This folder contains Jupyter Notebook files of a recommendation system. There is no frontend in the project due to time constraints. Entering userID and videoID needs to be done manually.
5 datasets are used in this project.
- interactions_100k_with_relationships.csv
- Interaction ID, User ID, PostID, Interaction Type, Interaction Timestamp, Watch Duration
- posts_100k_with_relationships.csv
- Post ID, Tags/Keywords, Category (Reel or Image), UploaderID, Upload Time, Timestamp, Views, Likes, Dislikes, Comments
- users_100k_with_relationships.csv
- UserID, Username, Full Name, Gender, Country, Language Preference, Interests
- TikTok Data.csv (obtained from kaggle)
- UserData.csv (obtained from kaggle)
Note : First 3 datasets are custom generated
1. AllParamsRec.ipynb
This notebook implements a recommendation system that blends posts based on:
- 20% liked by friends: Recommendations based on friends' interactions.

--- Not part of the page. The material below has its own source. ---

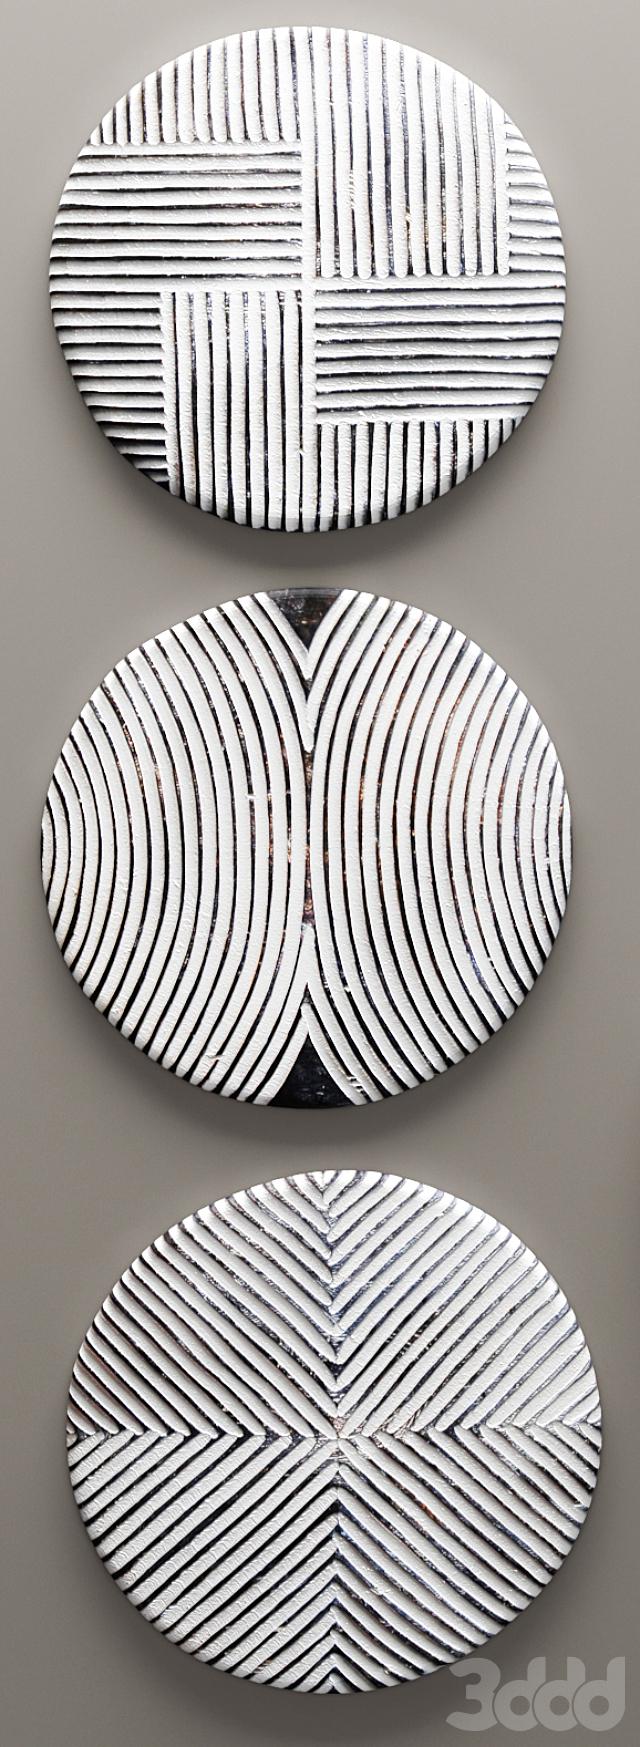 Design Mix Furniture. Zulu Shield.

- 30% new: Exploration of potentially interesting unseen content.
- 50% past interactions: Leverages user's past preferences.
2. Top_Users.ipynb
This identifies the top 10 users most similar to a target user using cosine similarity. It utilizes user information such as demographics, interests, and gender. Can be modified to use bio, age, language etc for each user.
3. VideoRecommendation.ipynb
This notebook recommends video content based on transcript similarity. It employs the following techniques:
- CountVectorizer: Creates a numerical representation of the video transcripts, focusing on word frequencies.
- Stemming: Reduces words to their base forms (e.g., "running" and "runs" become "run").
- Cosine Similarity: Measures the similarity between video transcripts based on their word representations.
- Clone this repository to your local machine.
- Install the required Python libraries using
pip install <library_name>. - Open the notebooks in a Jupyter Notebook environment.
- Download and load the datasets in your environment.
- Update the code to point to your specific data paths.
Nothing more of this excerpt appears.